On Friday 26 November, the EModGraL research team and our key collaborators gathered together in wintry Turku (in person and via Zoom) to discuss the tentative typology of graphic devices we are developing for our materials.
There are several modern typologies used for graphic devices that offer a helpful starting point for us, but we have not yet found a classification that would be directly applicable to our early printed materials. We are therefore working on developing a typology for the purposes of the project. In the first stage, the typology will be rather simple, consisting of a few main categories that enable us, for example, to distinguish between diagrams, tables, and pictures. In the first stage of data collection, our research assistant will categorise graphic devices in our dataset according to this typology. In the next stage, we will develop a more nuanced categorisation of the data based on what we find in our materials.

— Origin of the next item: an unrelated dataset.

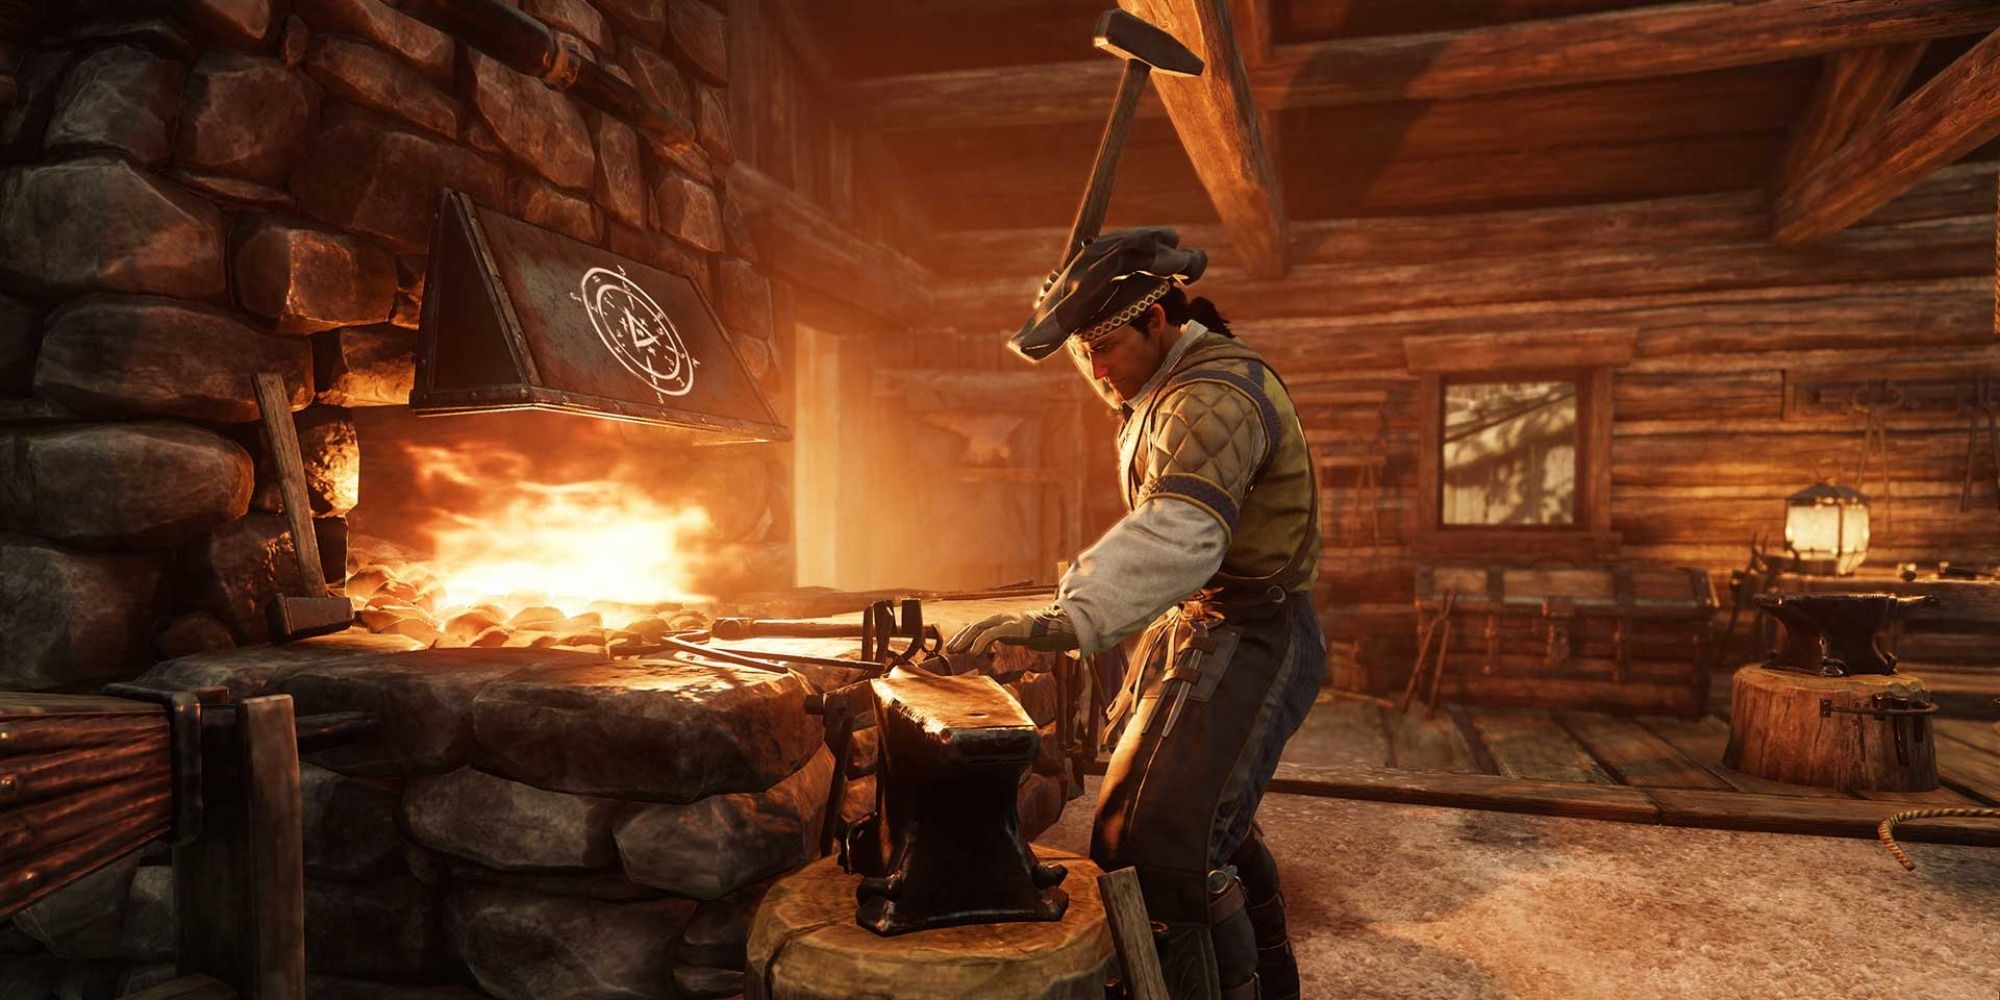 A player stands at a forge, hammering an item on an anvil
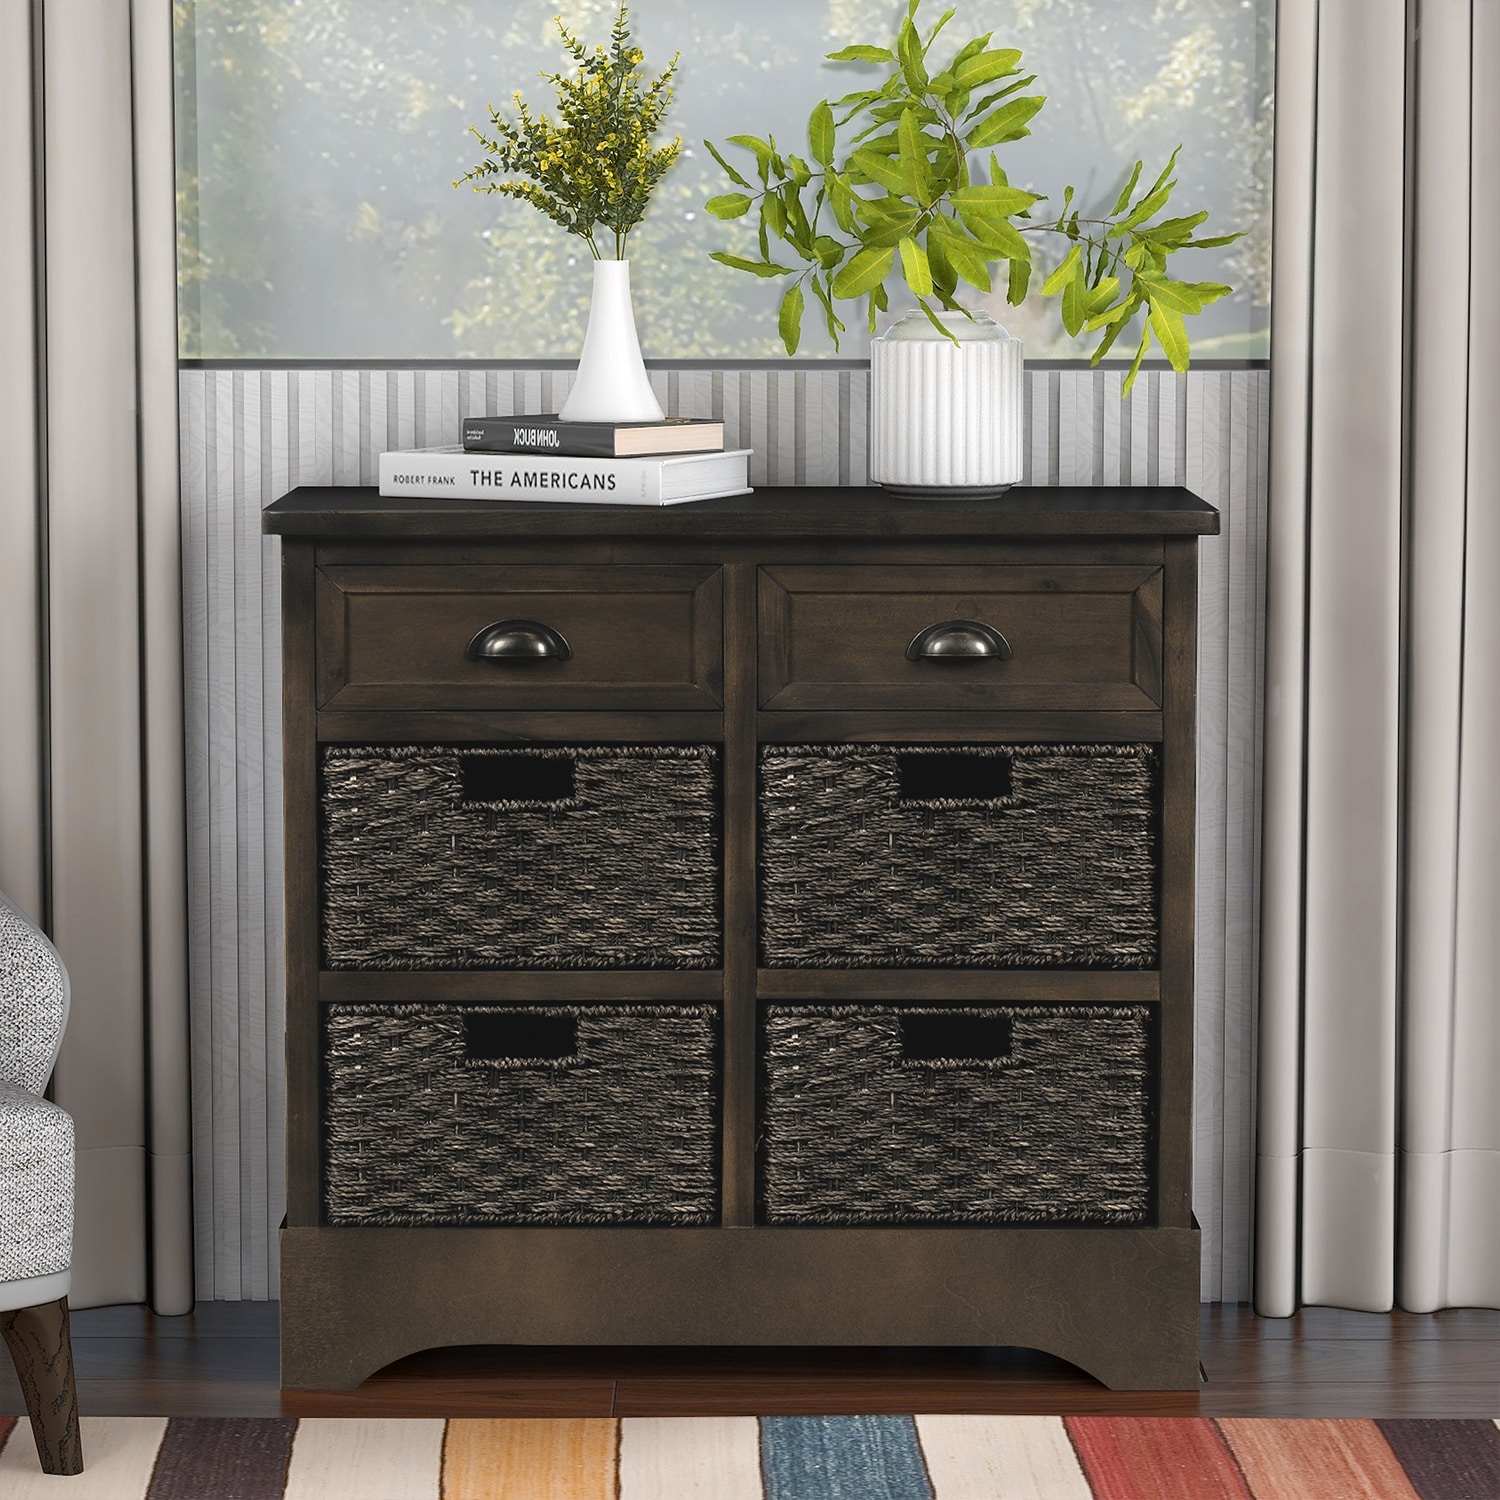 https://ak1.ostkcdn.com/images/products/is/images/direct/5d03bdc4c32b54e0b9ed4b7967439c6ca9bcc5fa/Rustic-Storage-Cabinet-with-Two-Drawers-and-Four-Classic-Rattan-Basket.jpg

The workshop begins. Photo: Outi Merisalo
Our workshop was organised as a one-day intensive event with three sessions focused on different aspects of the tentative typology. In the first session, we introduced the project and our data collection procedure. We also discussed the various categories we intend to exclude from our dataset. The second session focused on the categories of figures and tables, while the third session was concerned with ‘general images’ or pictures.
The discussion was lively throughout the day, and we received plenty of useful comments and feedback on our tentative typology. After the workshop, we had dinner together in the 17th-century cellars of a local restaurant.
Our discussion was mainly based on samples of material from 1596 and 1696. The books from these years form the core of our pilot dataset, and we expect them to contain enough material to provide us with a workable initial categorisation.
While it has thus far been relatively easy to categorise most of the graphic devices in our data from the first pilot year, 1596, some cases have proved tricky. For example, while we exclude tables of contents from our quantitative dataset, what should we do with a table of contents that is organised as a horizontal tree diagram?1 In other words, when collecting data, should we prioritise function (a table of contents should be excluded) or form (a horizontal tree diagram should be included)? This question is at the core of many of the problematic cases we discussed in the workshop. There are no easy solutions, so we will have to find compromises that are good enough for the purposes of our project.
The data workshop took place at exactly the right time considering the timeline of the whole project. We expect that our tentative typology will change and develop during the project, but it was very useful to compare notes at this early stage to ensure that our data collection procedure is feasible and that the tentative categories are helpful in terms of the later stages of the project. We are grateful for the expert advice and insightful comments provided by our collaborators!